Невыдуманная народность явления ведет к его поэтизации. Как одухотворенно пишет Анд­рей Синявский: "Не с нужды и не с горя пьет рус­ский народ, а по извечной потребности в чудес­ном и чрезвычайном, пьет, если угодно, мистически, стремясь вывести душу из земного равновесия и вернуть ее в блаженное бестелесное состояние. Водка — белая магия русского му­жика; ее он решительно предпочитает черной магии — женскому полу".

Это утешительное и лестное для русского че­ловека стихотворение в прозе заканчивается не­сомненной грустной истиной. Сколько раз мне доводилось менять черную магию на белую, горько жалеть об этом потом — и снова менять.

Сколько телесных радостей растворилось в за­стольях. Сколько романов осталось в стаканах. Сколько любовных угаров завершилось баналь­ным похмельем. Сколько рассветов прошло в беседах не о соловье и жаворонке, а о портвейне и пиве.
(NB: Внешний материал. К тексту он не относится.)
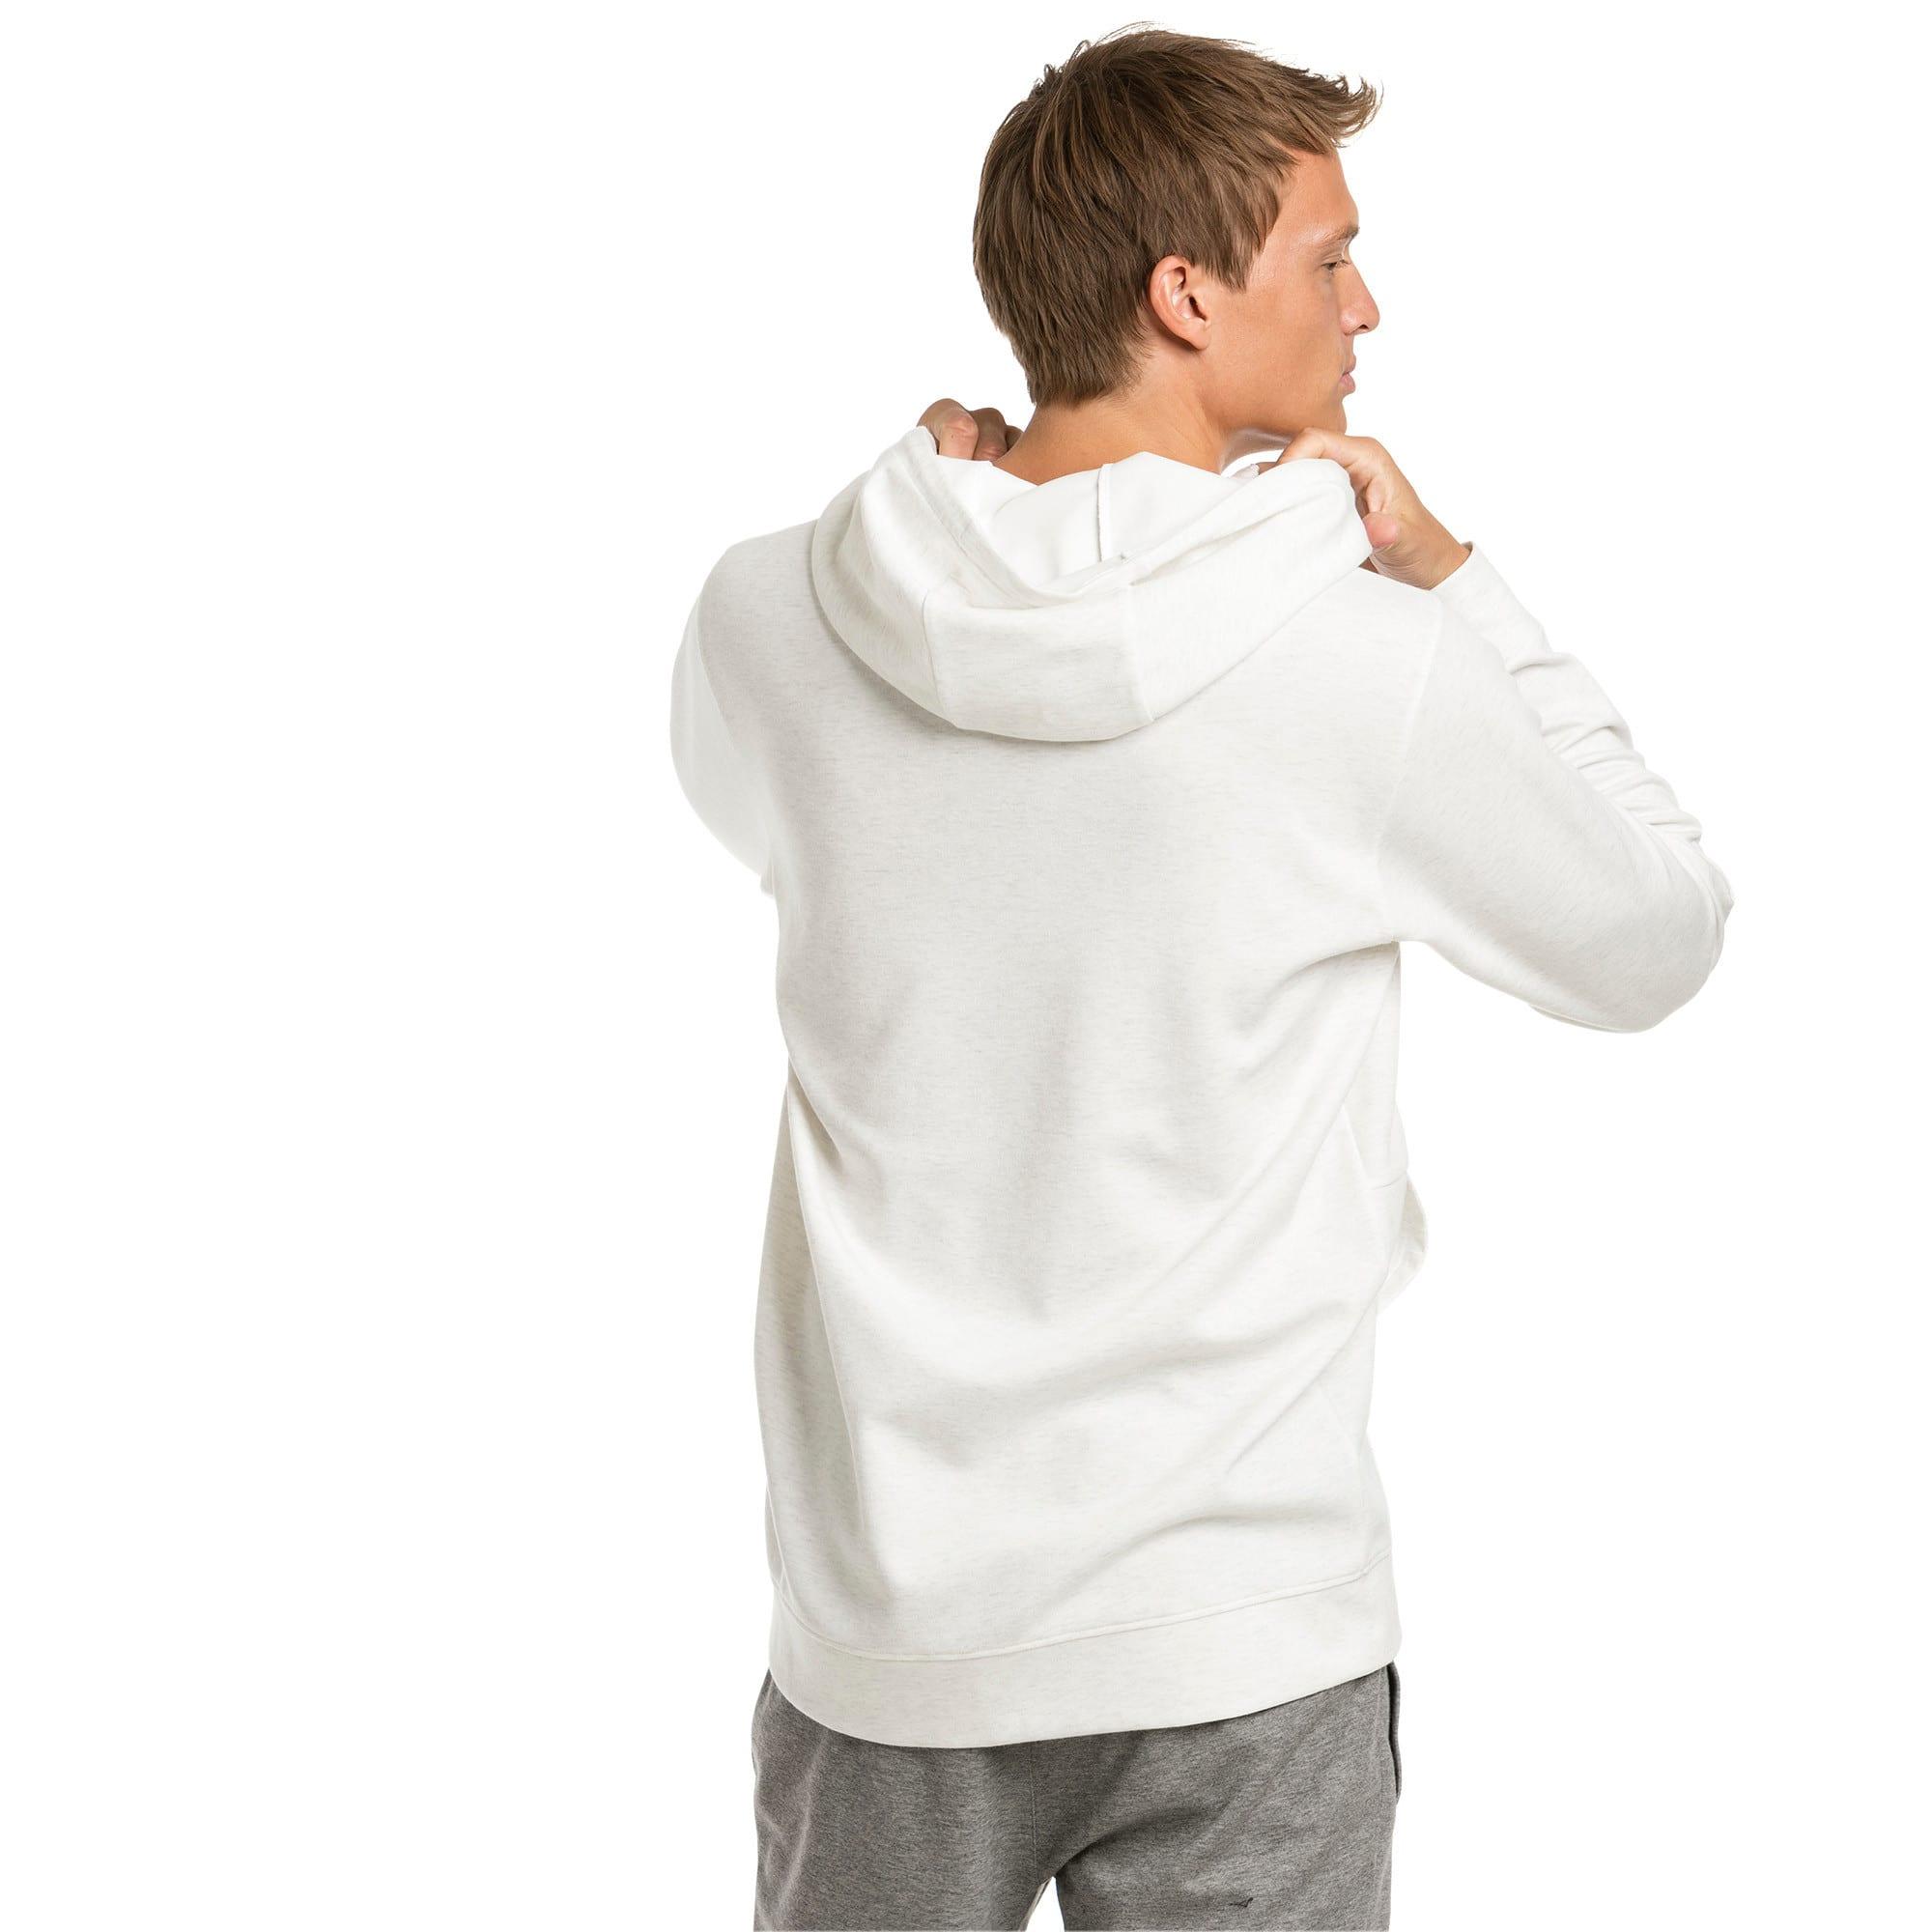 Thumbnail 2 of Energy Men's Jacket, Puma White-Heather, medium-IND

Попадались изредка и иные человеческие эк­земпляры, как мой рижский напарник по подсоб­ным работам Коля Палёный — потаскун, всю жизнь изображавший горького пьяницу. Нена­видевший водку Коля белой магией маскировал черную, понимая, что алкоголизм гораздо более приемлемый порок в глазах коллег, начальства и жены, если вообще порок, а не национальное своеобразие. Почему кабацкие стихи Есенина любимы по сей день — в них пойман важный мо­тив: водка больше, чем напиток, это — идея.

В поговорке "Что у трезвого на уме, то у пьяно­го на языке" улавливается одобрительный оттенок: что думает человек, то и говорит. Открытый, пря­мой, простой. Наш. В этом — суть психоаналити­ческого свойства водки. На том стоит институт собутыльничества, алкогольной дружбы. Водка — русский психоанализ.
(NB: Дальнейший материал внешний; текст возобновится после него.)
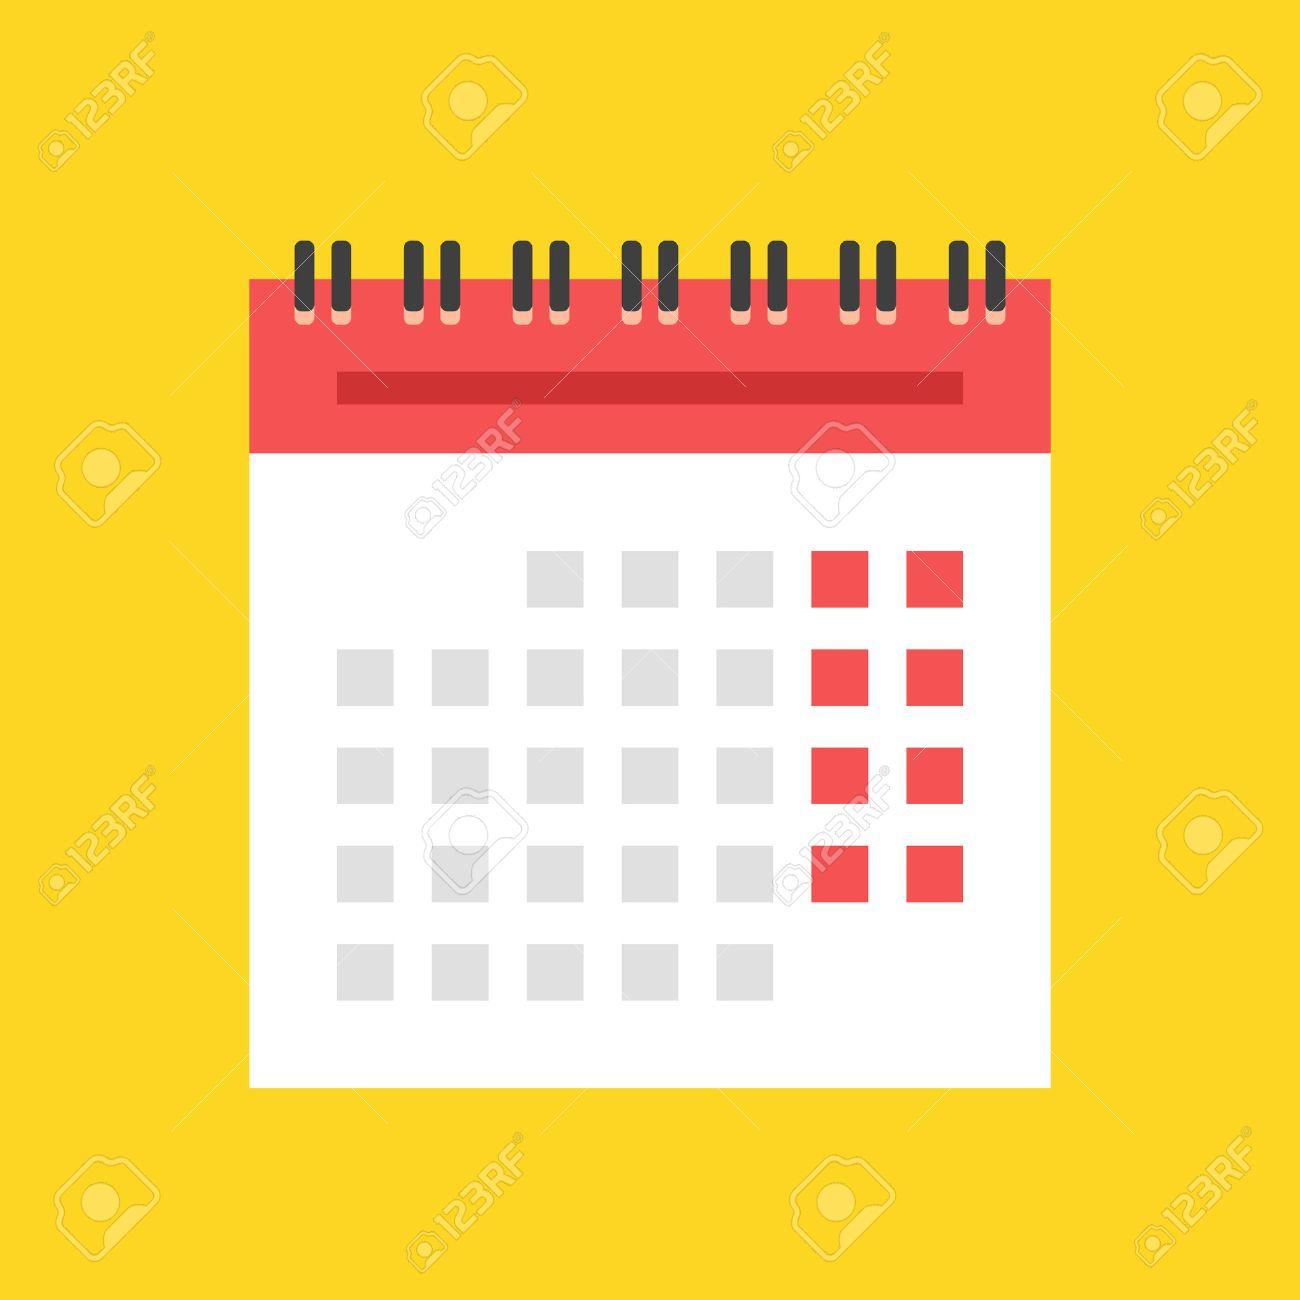 Calendario Vector.Calendar Flat Icon Spiral Wall Calendar Vector Illustration

Отсюда — серьезное к ней отношение. Вячес­лав Всеволодович Иванов в застольной компании рассказывал со слов отца, как в начале 20-х тот пришел на банкет, устроенный для писателей каким-то меценатом (их называли "фармацевта­ми"). Случилось так, что в тот же вечер прием закатывал и другой фармацевт, так что к перво­му явились только Всеволод Иванов и Есенин. Они оглядели обильно накрытый стол, мысленно пересчитали бутылки и печально переглянулись: не одолеть. Тут Есенин без улыбки, спокойно и твердо сказал: "Не беспокойся. Между водкой бу­дем пить коньяк. Коньяк сушит и трезвит".
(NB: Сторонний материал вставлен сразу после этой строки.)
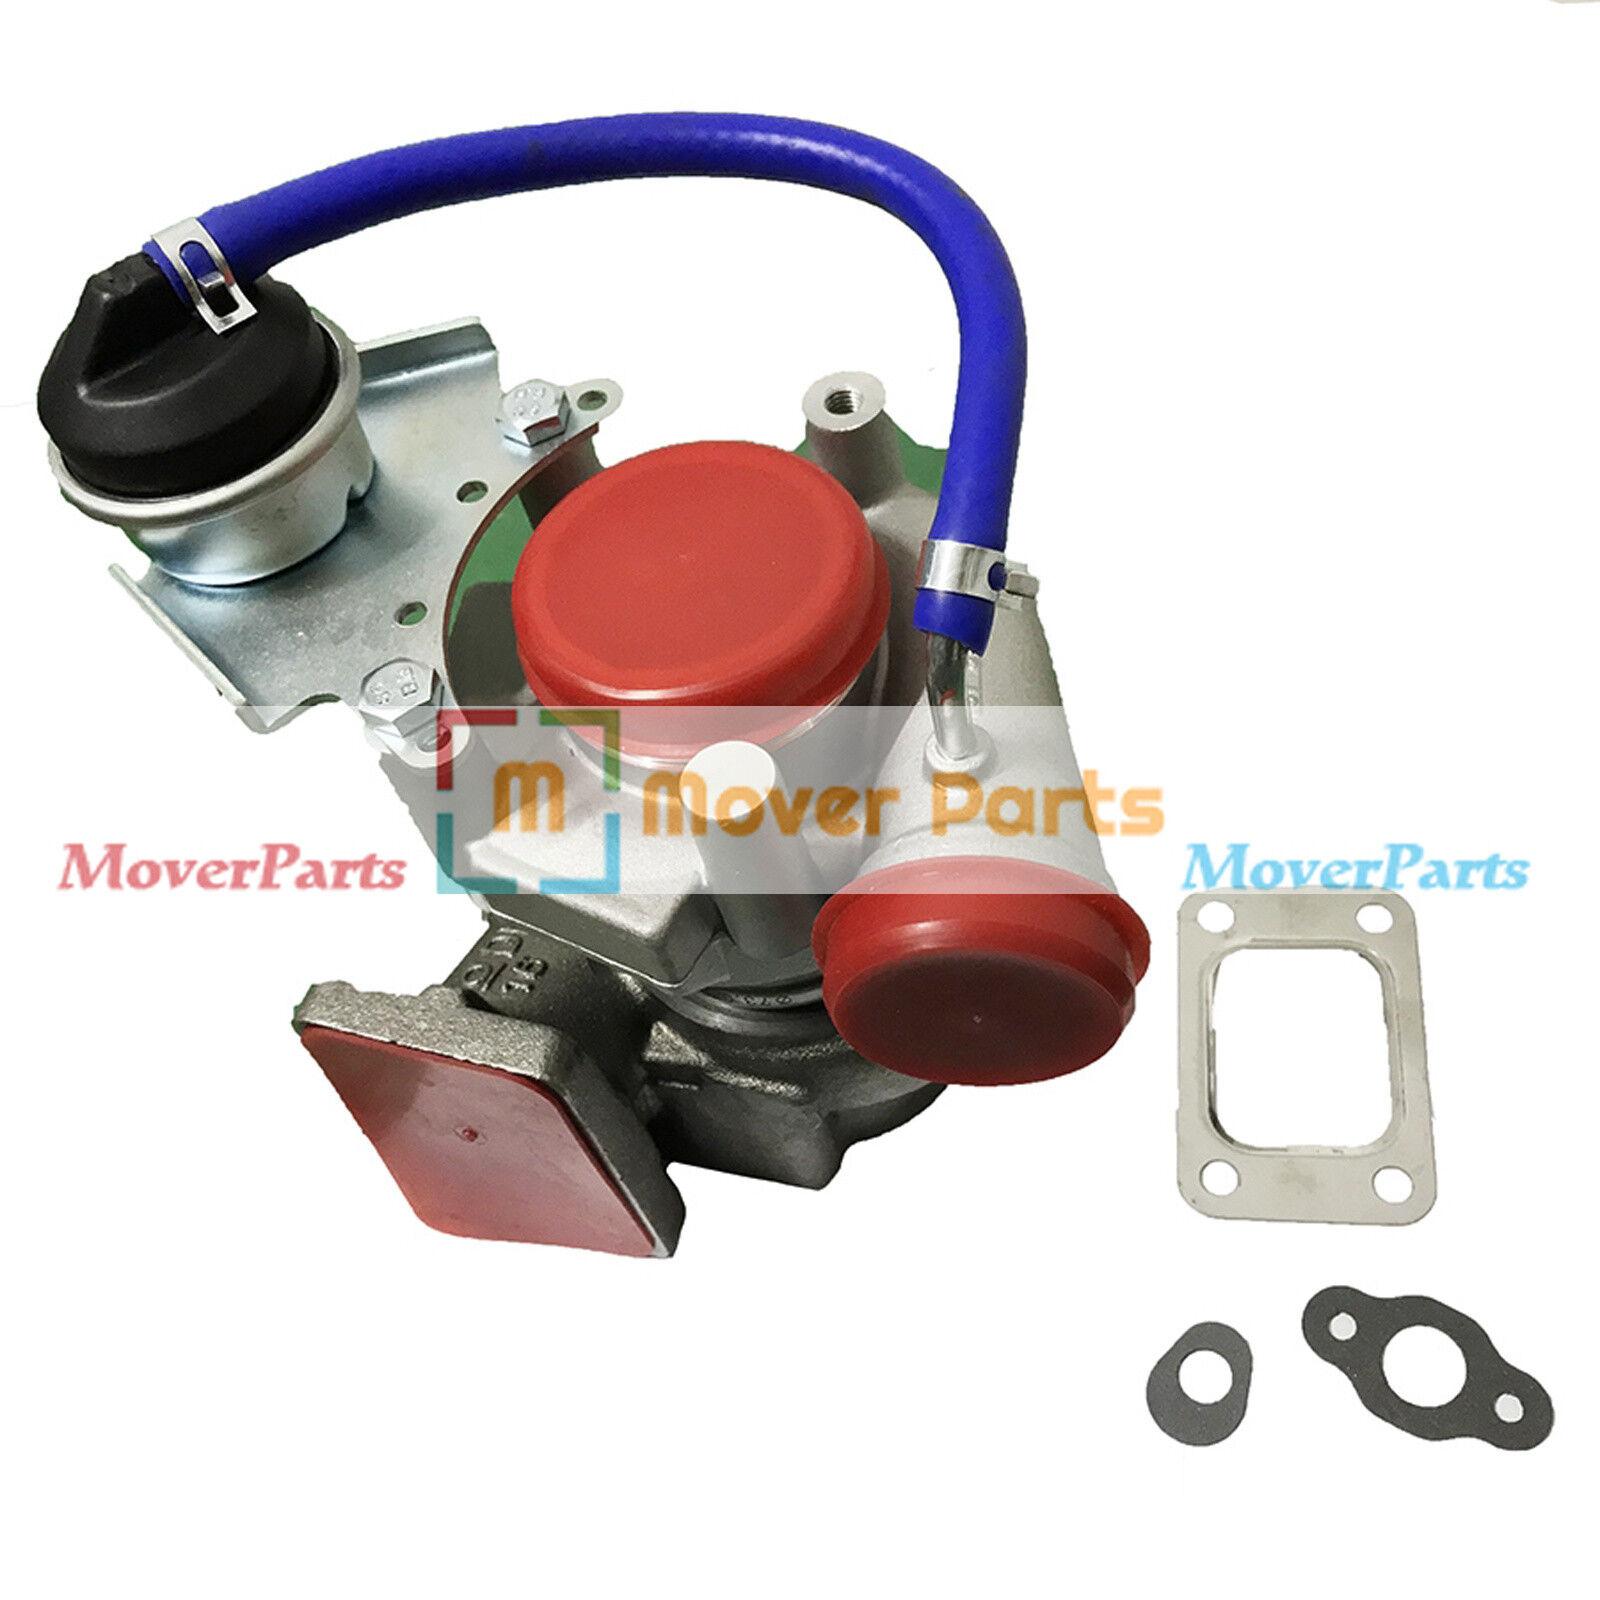 Turbo 6680892 For Bobcat T2250 V417 A300 S220 S250 S300 T250 T300 Kubota L 3830 Engine Parts Diagram V3300

Высокая поэзия российского алкоголя тесно связана с трудностями его добывания и погло­щения. На этом построены самые пронзительные драматические страницы поэмы "Москва—Пе­тушки". Если б мне пришлось участвовать в ду­рацкой игре, описанной в романе "Идиот" — ког­да надо признаться в самом постыдном своем поступке, — я бы рассказал, как мы рижской ян­варской ночью собрали трясущимися руками гроши, как полчаса шли по морозу к заветной подворотне ресторана "Даугава", как приобрели у отделившейся от стенки тени бутылку и как я эту бутылку тут же уронил на асфальт. То, что я пишу эти строки, — свидетельство либо христи­анского милосердия моих товарищей, либо их алкогольного бессилия. Что часто трудноразли­чимо.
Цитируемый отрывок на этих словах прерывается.